Slowdown Hits the Pond

Daily Mail (London), November 2, 2000 | Go to article overview

Slowdown Hits the Pond


Byline: ALEX BRUMMER

THE pound took a rare battering against the euro on the foreign exchanges after the latest batch of surveys suggested that Britain's economy, like that of the US, may be slowing more quickly than expected.

The CBI reports that retail sales were all but flat last month. Moreover, the manufacturing sector appears to be in the doldrums With the Bank of England's Monetary Policy Committee gathering next week and release of the next Inflation Report due on November 16, the betting on the markets is that interest rates may have peaked at 6pc.

This conveniently forgets the last inflation report which showed price rises exceeding the 2.5pc target two years out, unless there were a further tightening of policy.

Certainly, in terms of the strength of the economy, the MPC does not appear to have much to worry about.

The CBI survey of distributive trades shows that sales slowed for the third month in a row - not very good news for shares in the struggling retail sector.

The mid-market, dominated by Marks & Spencer, could be in for further punishment.

It is not helped by the constant drumbeat of bad publicity, added to by last night's Money Programme.

The one retail sector which is booming is discounting. The CBI reports that 'competitive pressures remain strong and price cuts continue unabated'.

That is good for the newcomers to the sector, notably Matalan, which unsheathed a 72pc rise in half-year profits and lots more expansion.
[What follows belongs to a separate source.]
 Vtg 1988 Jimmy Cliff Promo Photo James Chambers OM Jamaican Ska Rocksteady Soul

It is not just retail which is struggling. The Purchasing Managers Index slipped below the 50pc benchmark in September. Such a reading normally means the economy is slowing - though confidence may have been shaken last month by the fuel blockades.

The reality is that external factors could change the whole direction of the economy.
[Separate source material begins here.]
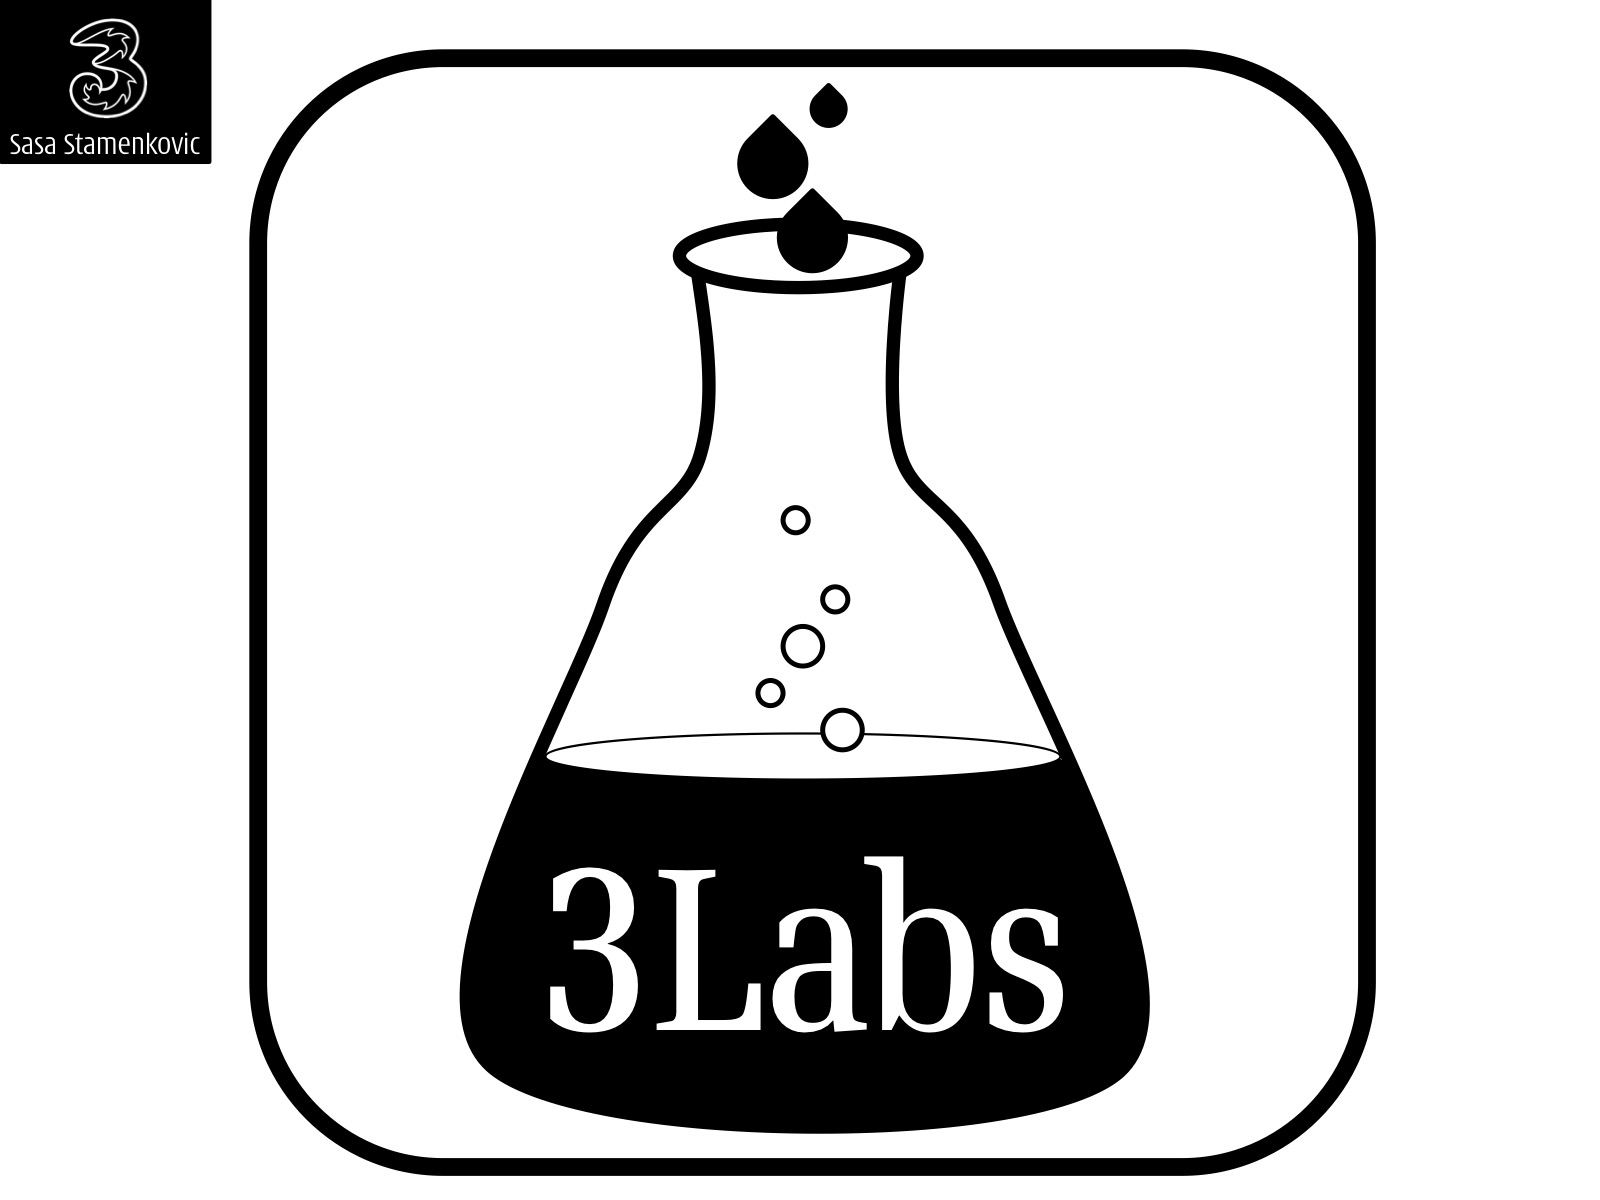 3Labs logo

The oil price, up from $11 a barrel in early 1999 to $31, is at a 15-year high in real terms.

Undoubtedly, this will have an impact on growth in heavy oil consuming countries.

The only question is how much: the latest National Institute economic review projects growth will be affected by 0.2pc in this calendar year and 0.4pc next among the industrial countries.

There is some evidence to suggest that higher oil prices contributed as much as interest rates to the rapid slowing in US growth in the third quarter.